If the pruning conditions are independent and can be calculated on the first level, will Elasticsearch calculate the leafs too in depth_first collection mode?

Mark_Harwood · October 19, 2016, 10:10am

I'm not fully clear on what your ideal end result will be.

Is it one "messages-over-time" bar chart or several (one per popular conversation)? Your description suggests the former but your agg does the latter.

Is your system sharded or using multiple indices (e.g. time-based)? Do you have any custom routing?
These are relevant questions to determine the cost and accuracy of the aggregation process. You may be forced to do some re-indexing trickery to efficiently calculate what you need here. Joining on high-cardinality fields in a distributed system is not recommended.

mihai1voicescu · October 19, 2016, 1:03pm

I am not trying to optimize a particular case, I am trying to understand how the aggregation algorithm works and when is the pruning done, in both depth_first and breadth_first.

In my example the most efficient way would be to calculate the total messages in a conversation and if their number is lower than M to skip the calculation of the date_histogram and go to the next conversation. Is this what Elasticsearch will do?

I know an even faster way of doing it would be to stop counting the messages in a conversation once it passes M and start counting the leafs but I think that is not possible.

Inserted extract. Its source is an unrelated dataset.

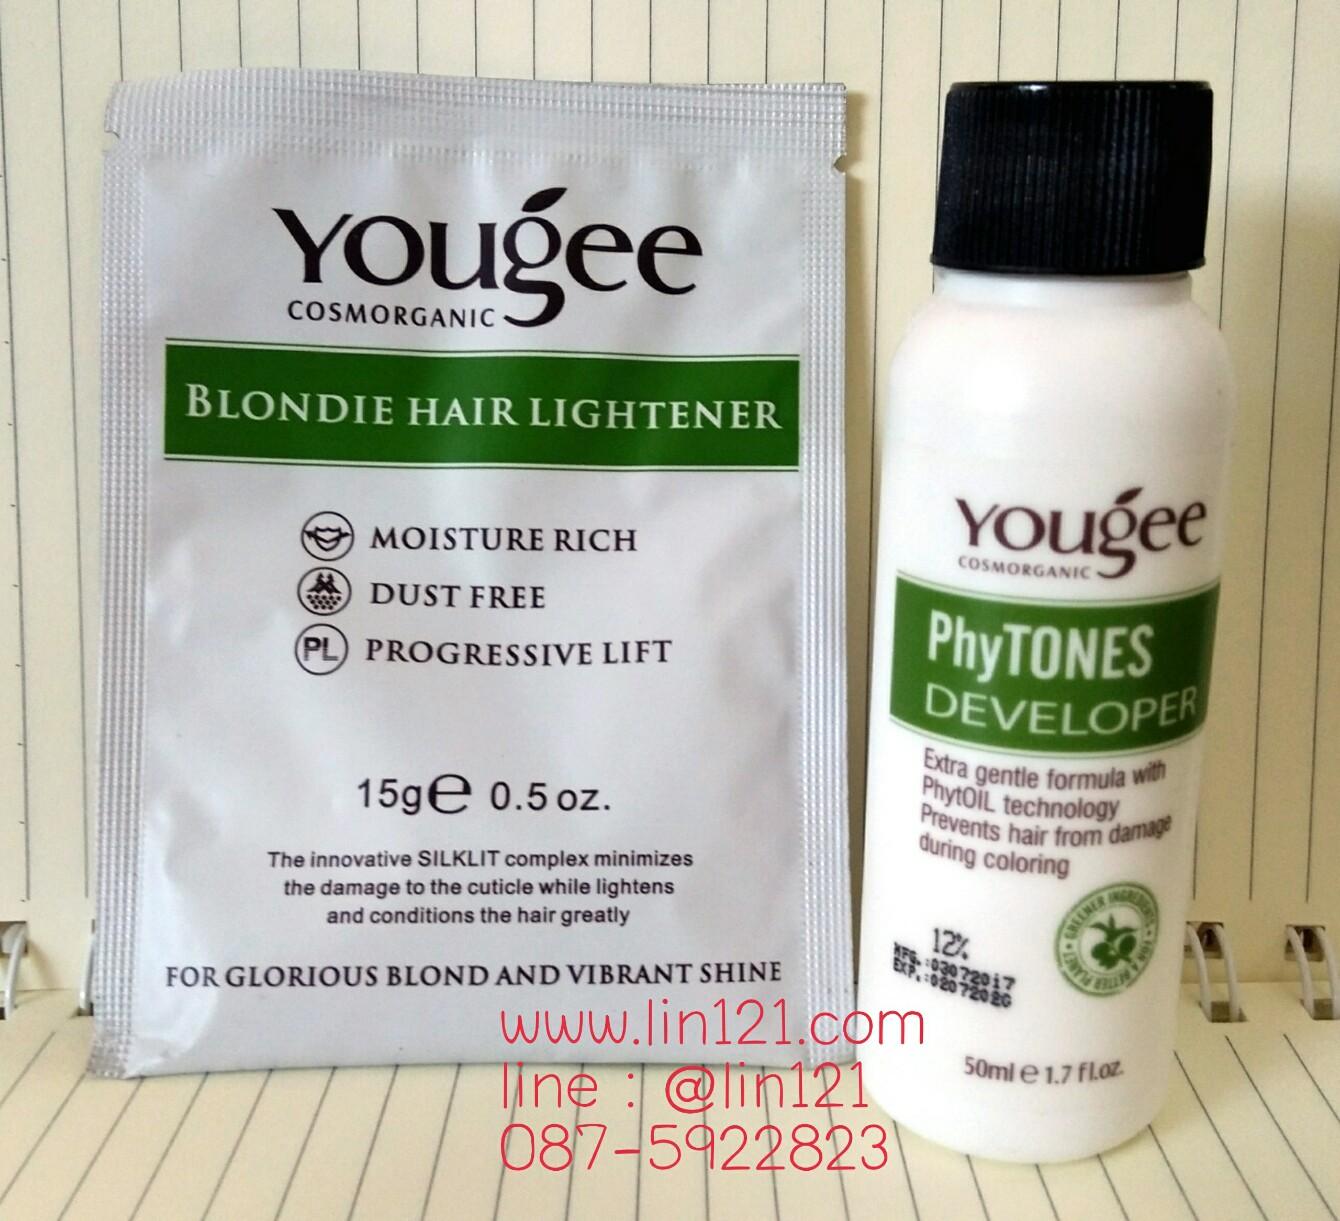 Yougee Blondie Hair Lightener ยูจี ชุดฟอกสีผม 15g+50ml

Mark_Harwood · October 19, 2016, 1:14pm

Breadth-first stores up all matching docIDs in each of the root buckets where it is applied. Once collection of the shard-local set of docs matching the query is complete the buckets are pruned and cached doc IDs are then pushed to child aggregations as a form of deferred collection.

Clearly a parent agg cannot prune on the basis of child agg properties (sum of a particular field etc) when it has not flowed any docs down to nested aggs. See https://www.elastic.co/guide/en/elasticsearch/guide/current/_preventing_combinatorial_explosions.html

Note your use of min_doc_count is a global constraint and shard_min_doc_count is what is applied locally to control behaviour of collection on a shard. My comments re high cardinality values and distributed systems are still a consideration here and you need to have an understanding of the distributed aspects of this problem to appreciate the challenges here and what can go wrong.

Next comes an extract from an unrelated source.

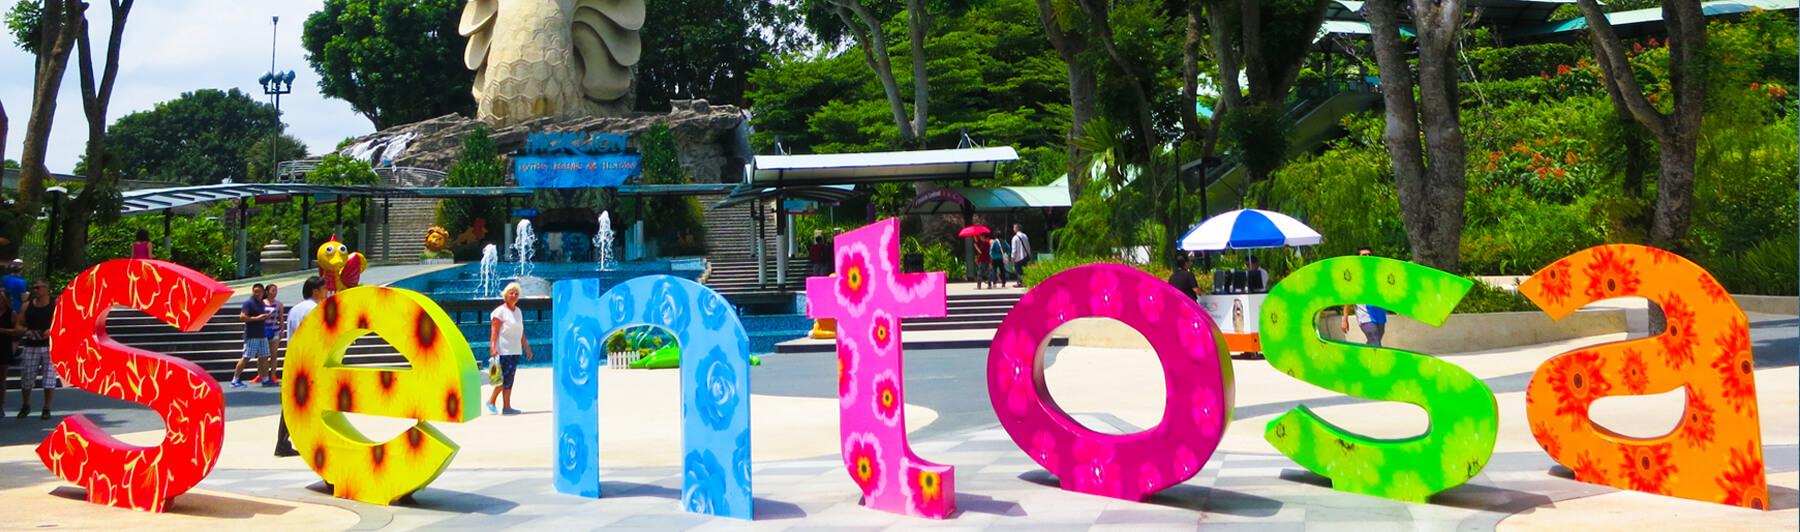 Sentosa Island, Singapore

mihai1voicescu · October 19, 2016, 3:14pm

Thank you for clarifying this out.

The parent agg is pruning on his own property(the messages that have the conversationId). The parent agg is completely independent from the child one.

After some further thinking (and your suggestions about distributed computing) I think I understand what the difference between breadth_first and depth_first is.

In depth_first, because a shard can not know about the bucket status of his peers he is forced to calculate without pruning between aggs levels. After he has completed all the aggs locally he can send his finding to a master which will determine what to discard.

In breadth_first, a shard finishes an agg level and sends the bucket information to the master. The master gathers from all the slaves and decides which are pruned. The slaves receive the information regarding which buckets can be discarded. They discard them and continue to the next level, but this requires to hold the id of the documents associated with each bucket in the meantime.

Mark_Harwood · October 19, 2016, 3:24pm

Generally, trimming of data occurs at shard-level and at the final reducer node.
The shard_size and size properties control the doc volumes at these respective levels.
Depth-first and breadth-first are shard-local evaluation strategies only.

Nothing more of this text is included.